Work instruction: Copy the listing verbatim, excluding any images found in it.

═════ Material provided

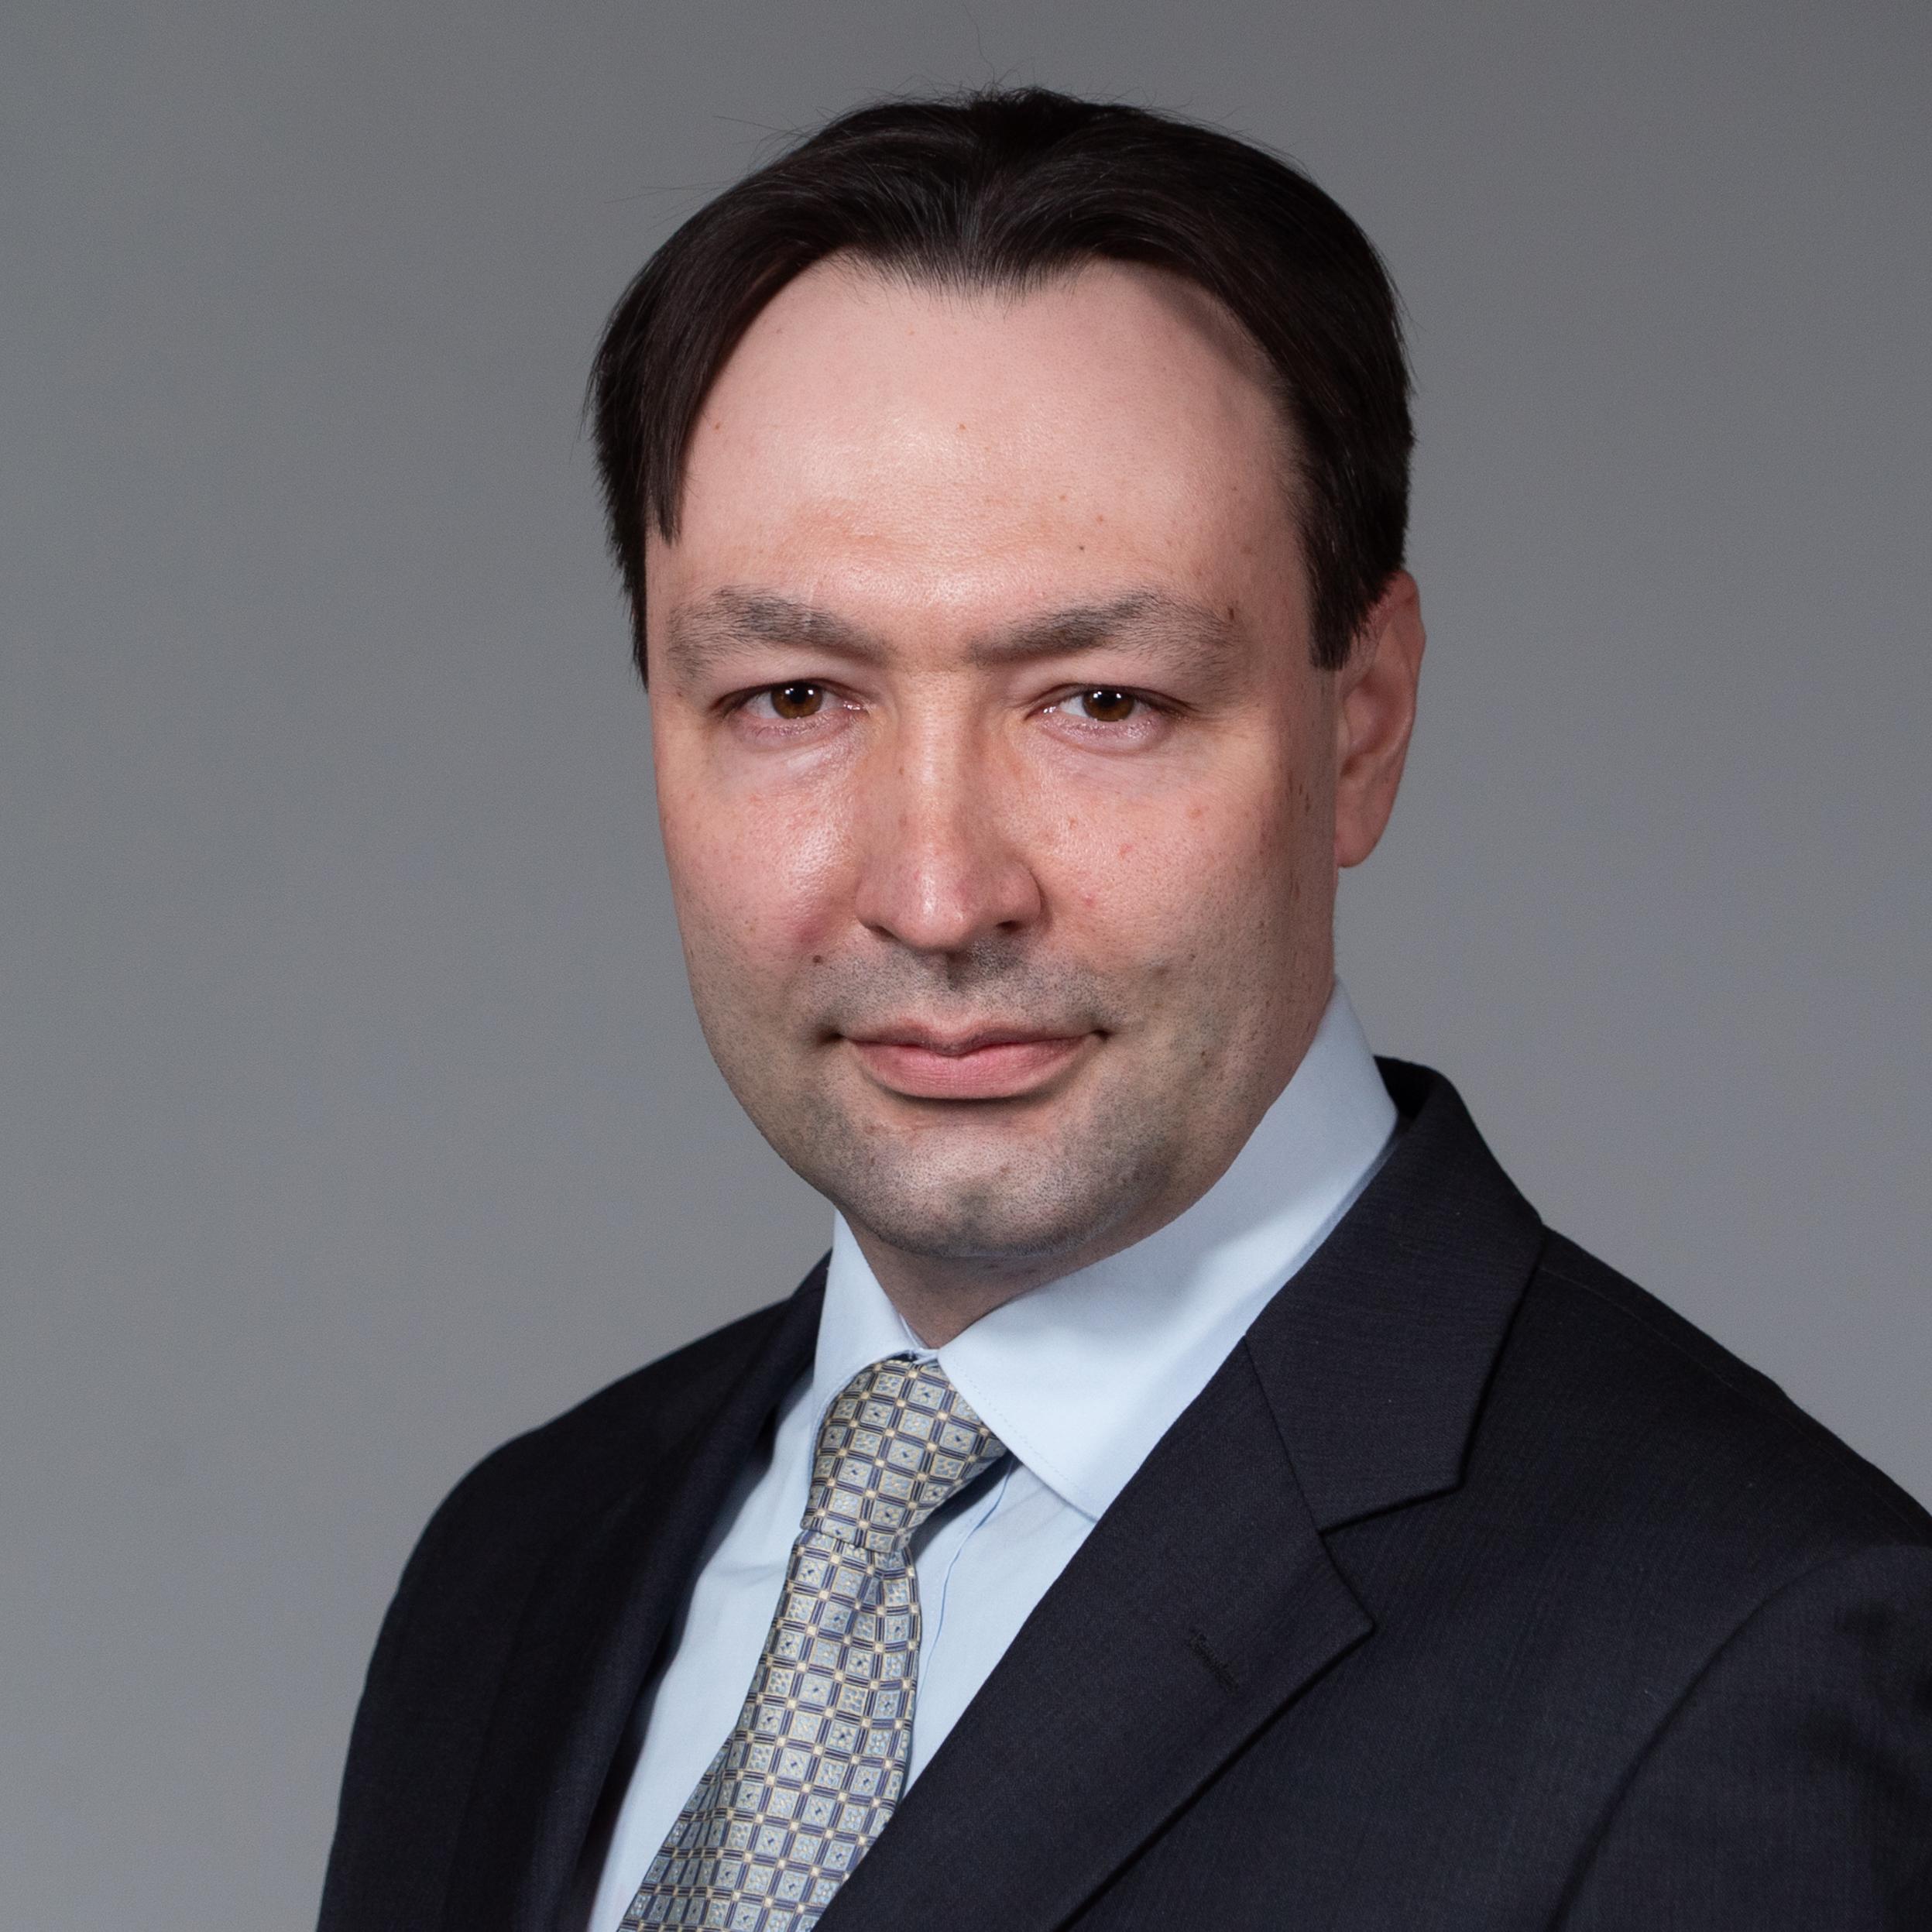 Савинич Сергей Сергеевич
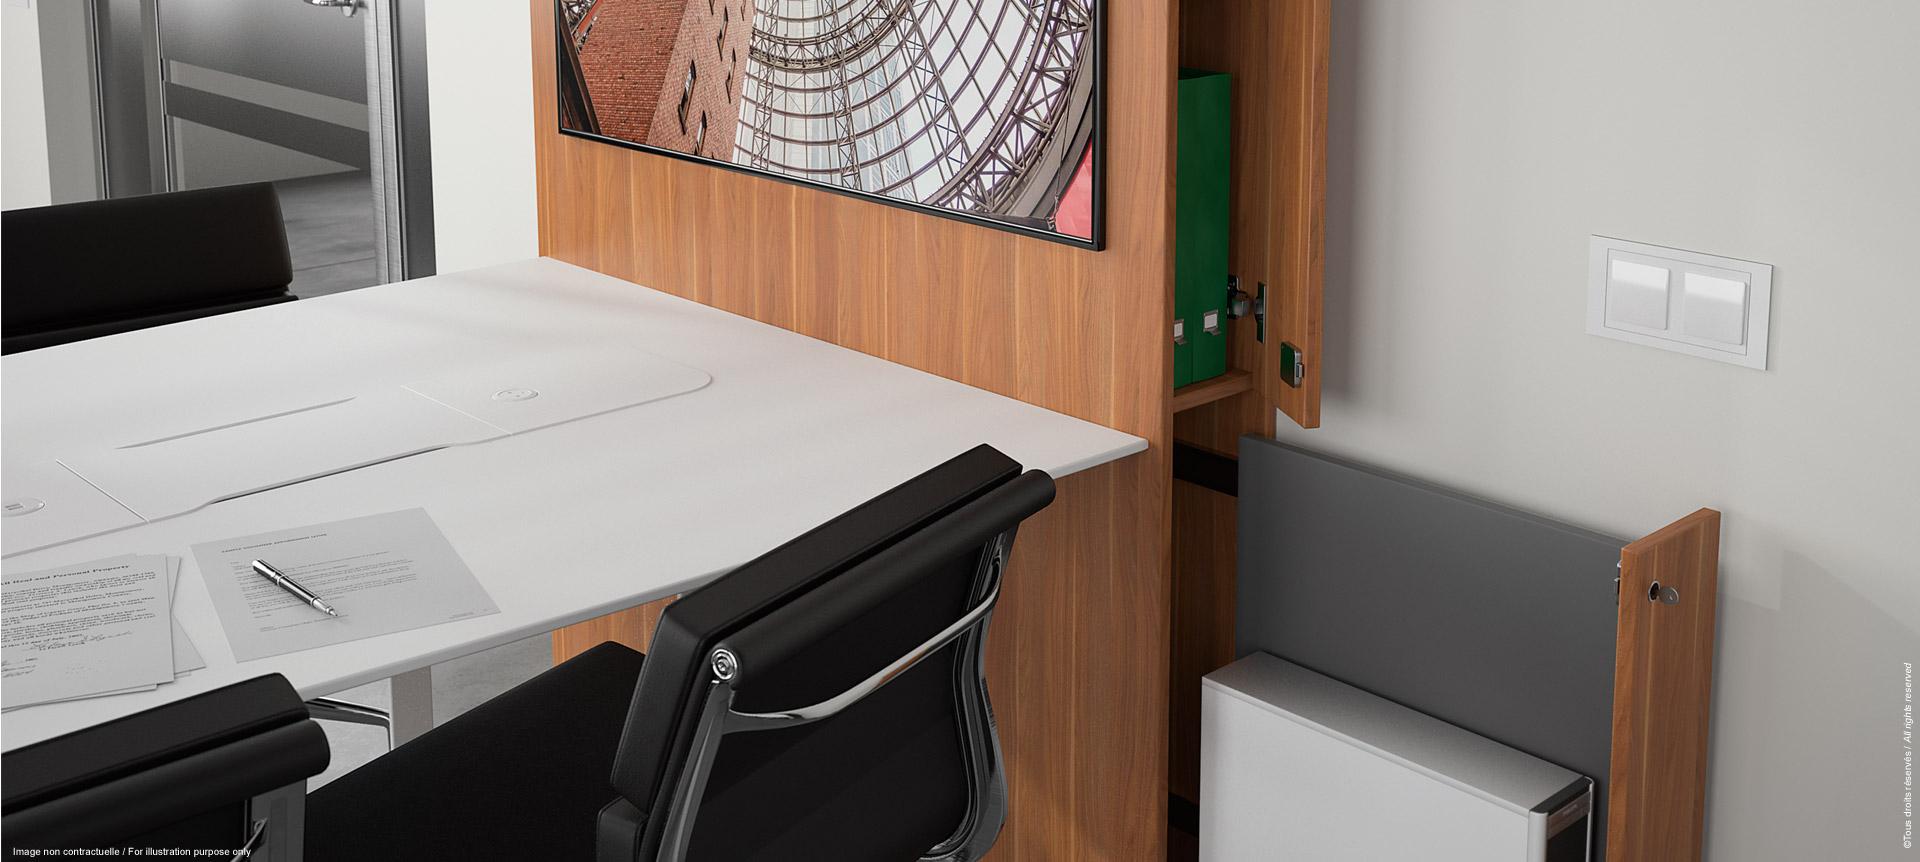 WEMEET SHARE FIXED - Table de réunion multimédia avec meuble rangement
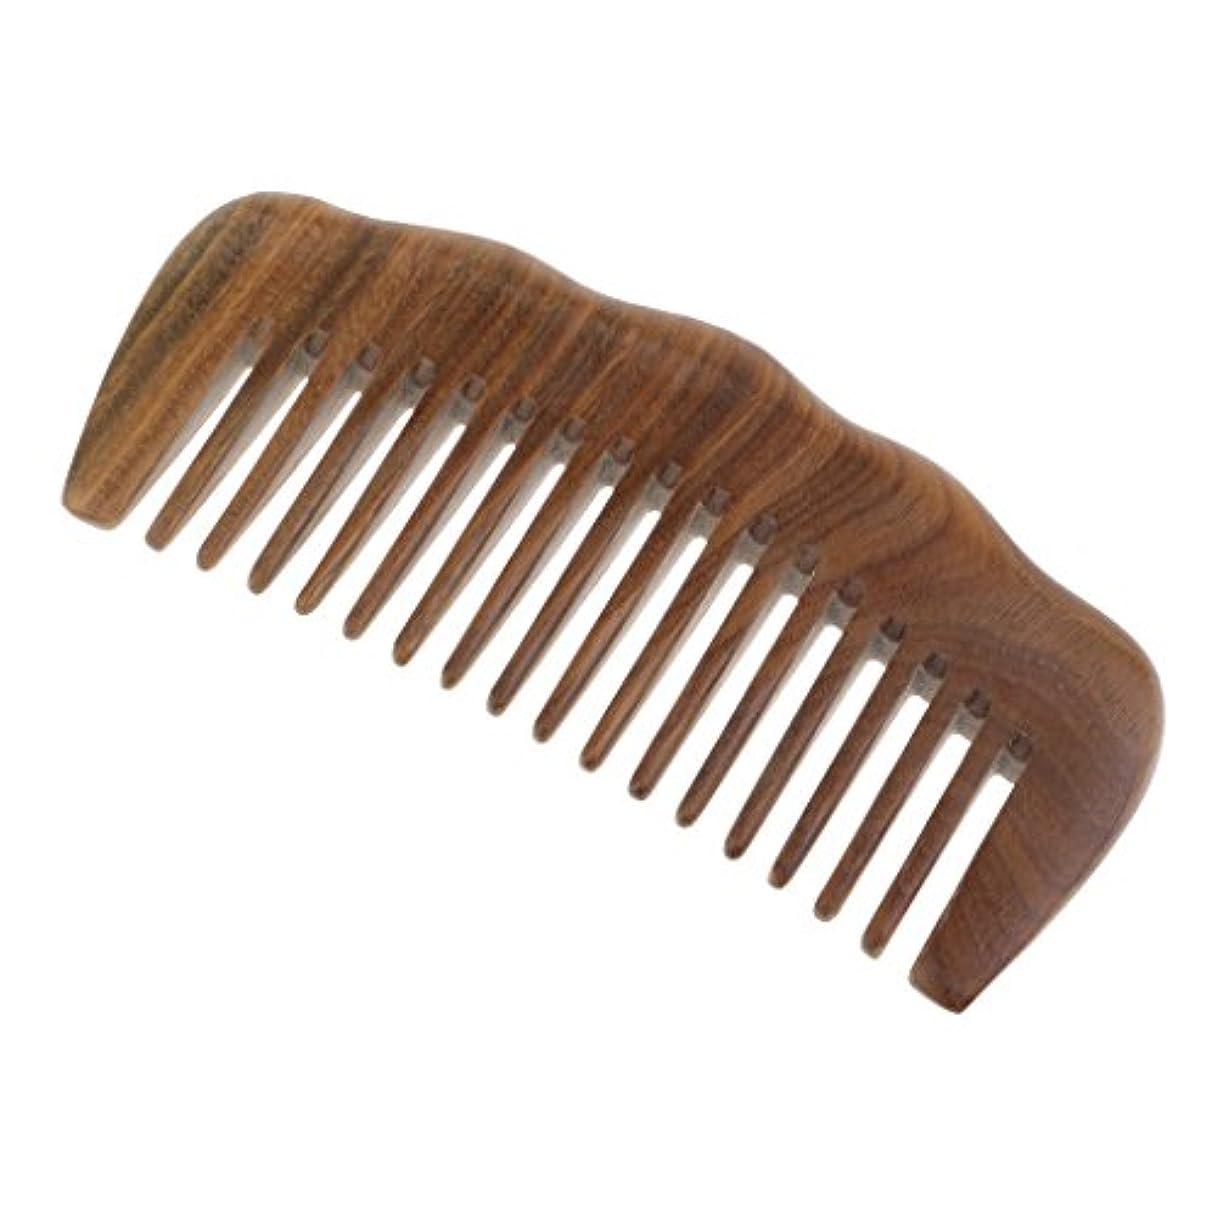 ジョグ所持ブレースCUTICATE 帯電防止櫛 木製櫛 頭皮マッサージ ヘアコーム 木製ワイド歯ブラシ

══════════

Problem solution:
 Савинич Сергей Сергеевич
 WEMEET SHARE FIXED - Table de réunion multimédia avec meuble rangement
 ジョグ所持ブレースCUTICATE 帯電防止櫛 木製櫛 頭皮マッサージ ヘアコーム 木製ワイド歯ブラシ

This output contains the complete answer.